FBI recovers two Taos treasures missing for 40 years
By Geoffrey Plant

Forty years ago, art thieves targeted the Harwood Foundation, an unassuming public library on LeDoux Street with a small exhibition gallery upstairs. A woman distracted the librarian while a mustachioed man removed Victor Higgins’ “Aspens” and Joseph Henry Sharp’s “Indian Boy in Full Dress” and left with them under a long coat.
Thanksgiving that same year, a man and woman used a similar M.O. to lift Willem de Kooning’s “Woman-Ochre” from the University of Arizona Museum of Art in Tucson.
The bizarre 2017 tale surrounding the return of de Kooning’s masterpiece led investigators to the missing works by two members of the Taos Society of Artists.
All three paintings were secreted away for decades in the remote community of Cliff, New Mexico, where they hung inside an innocuous-seeming married couple’s home until 2017. Jerry Alter died in 2012. Rita Alter passed away in 2017. That summer, their nephew cleared out their home.
He engaged a Silver City estate sale company to collect the bulk of the home’s contents, donating other items to a tiny Silver City thrift shop. Removed from the back of the Alter’s bedroom door, the de Kooning went to the estate company’s resale shop, where customers soon identified it as “Woman-Ochre.” News spread like wildfire across the art world that the stolen 1955 work of abstract expressionism, now valued at $160 million, had been found.
After some twists and turns, and a lengthy restoration process, it was returned to the University of Arizona last year.

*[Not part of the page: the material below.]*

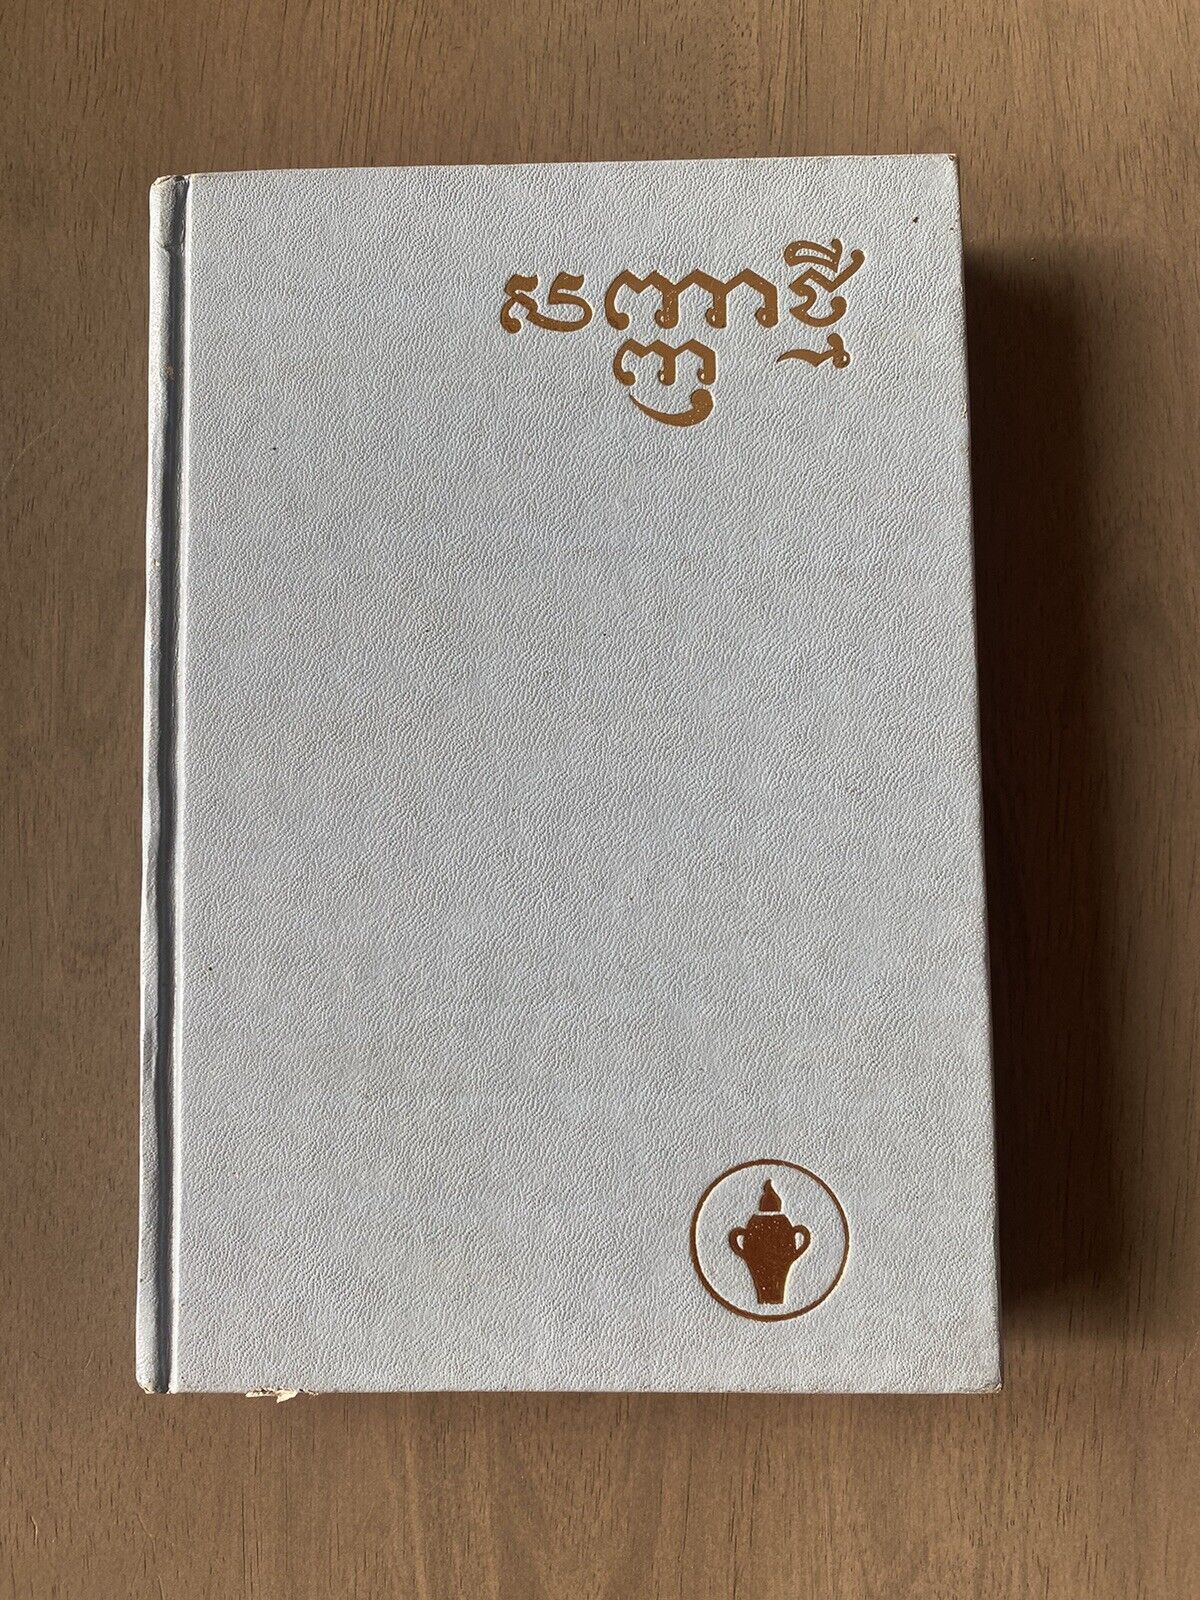 Vintage 1981 Cambodian Hard Cover New Testament in Khmer: VG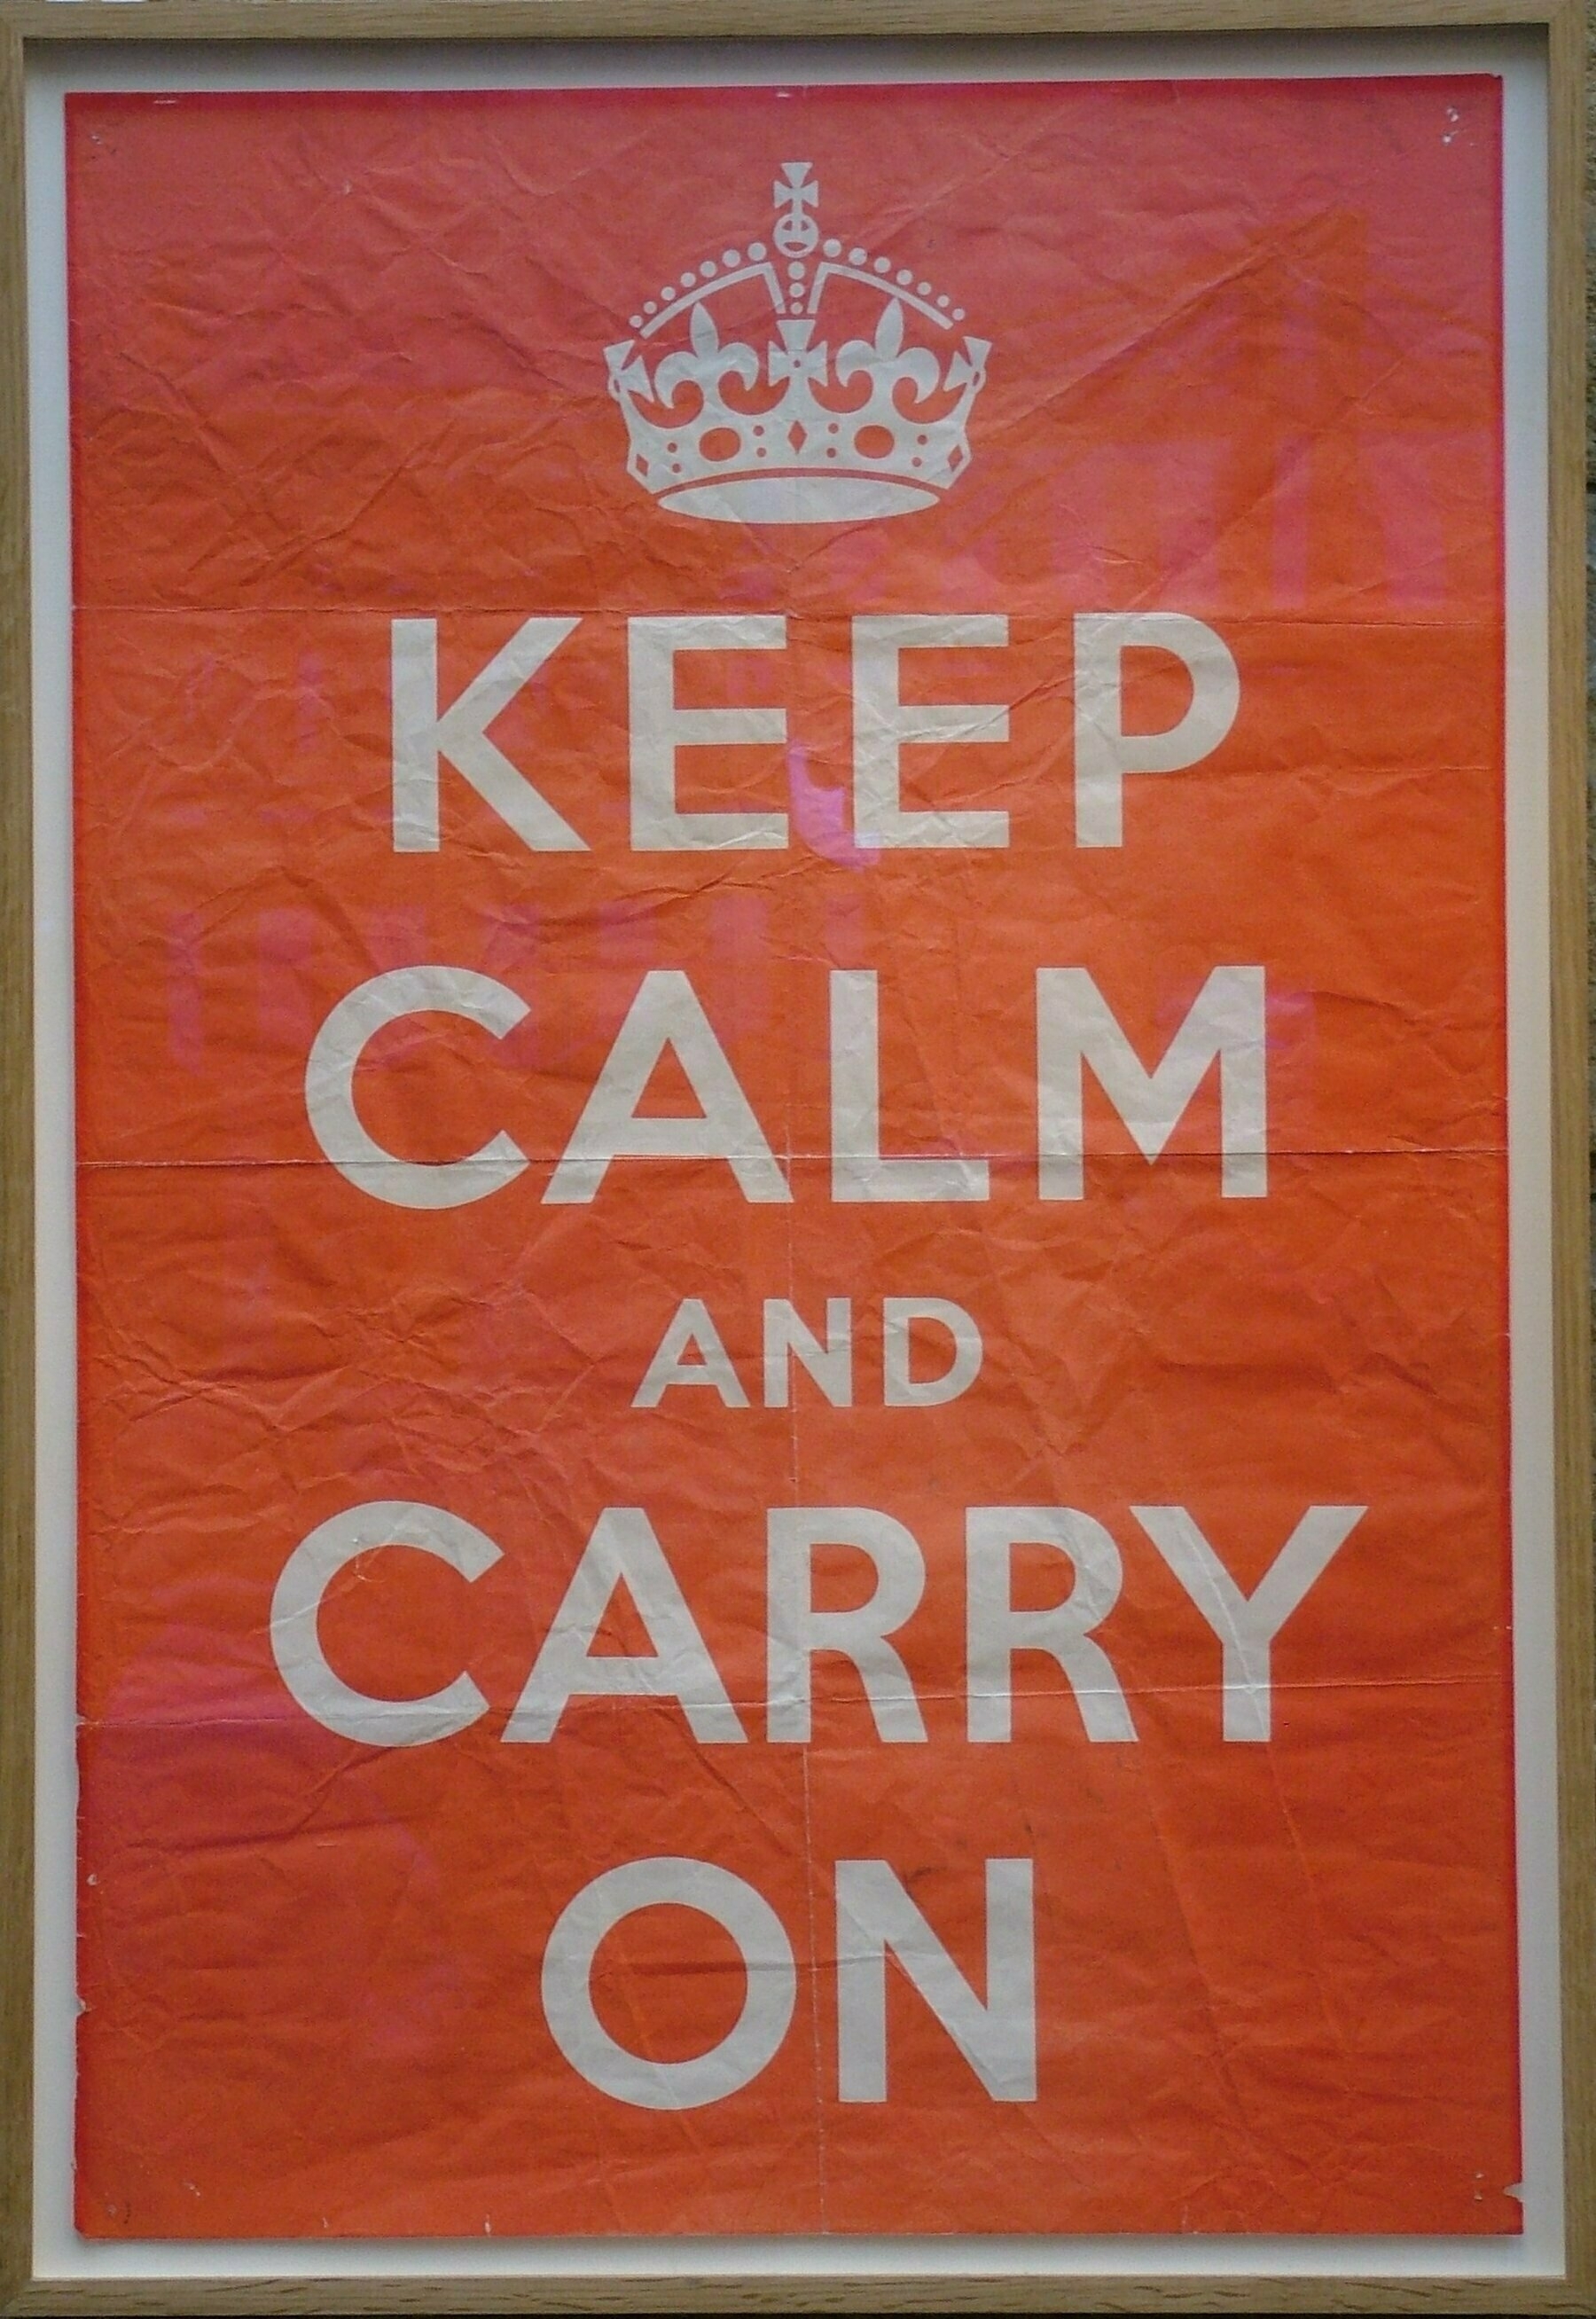 Photo of the 'Keep calm and carry on poster'

Initial speculation that the Alters stole from the art museums strictly to keep the works for themselves morphed into theories by amateur investigators that the couple were professional art thieves. They traveled internationally and domestically several times each year, living beyond their means.
A photo shown in the 2022 documentary film “The Thief Collector” shows both Taos Society of Artists paintings on a cozy-looking wall beneath which Jerry Alter is seated playing a clarinet while reading sheet music.
The Higgins and Sharp paintings were among the items donated to the humble Town and Country Garden Club Thrift Store. The nonprofit behind the store ultimately sold the works through the Scottsdale Art Auction in 2018 for $93,600 and $52,650, respectfully. The shop closed in 2021.
In 2024, true crime writer Lou Schachter did some sleuthing to uncover the stolen Taos paintings, writing in a series of articles published by Medium, “In the movie, a garden club volunteer describes the auctioned works and mentions their artists: Joseph Henry Sharp, Victor Higgins, and R.C. Gorman.”
Schachter found a 1985 Taos News story on the Harwood thefts, traced the paintings to the Scottsdale auction and notified the Harwood. In April 2024, the Harwood asked the FBI to track down the paintings, which were found by December.
Juniper Leherissey, executive director at the Harwood Museum of Art, said, “We’re hopeful they will be returned between now and September. We anticipate getting them back.”
Two empty frames representing the stolen works are on display with “Return of Taos Treasures,” an exhibition featuring Joseph Henry Sharp and Victor Higgins’ works from the Harwood’s collection on display until Sept. 7.
The Harwood Museum of Art’s permanent collection includes over 6,500 works of art, including pieces by Sharp, Higgins and the Taos Society of Artists, established July 19, 1915 by Sharp and five other artists and later joined by Higgins, who was also on the founding board of the Harwood Foundation.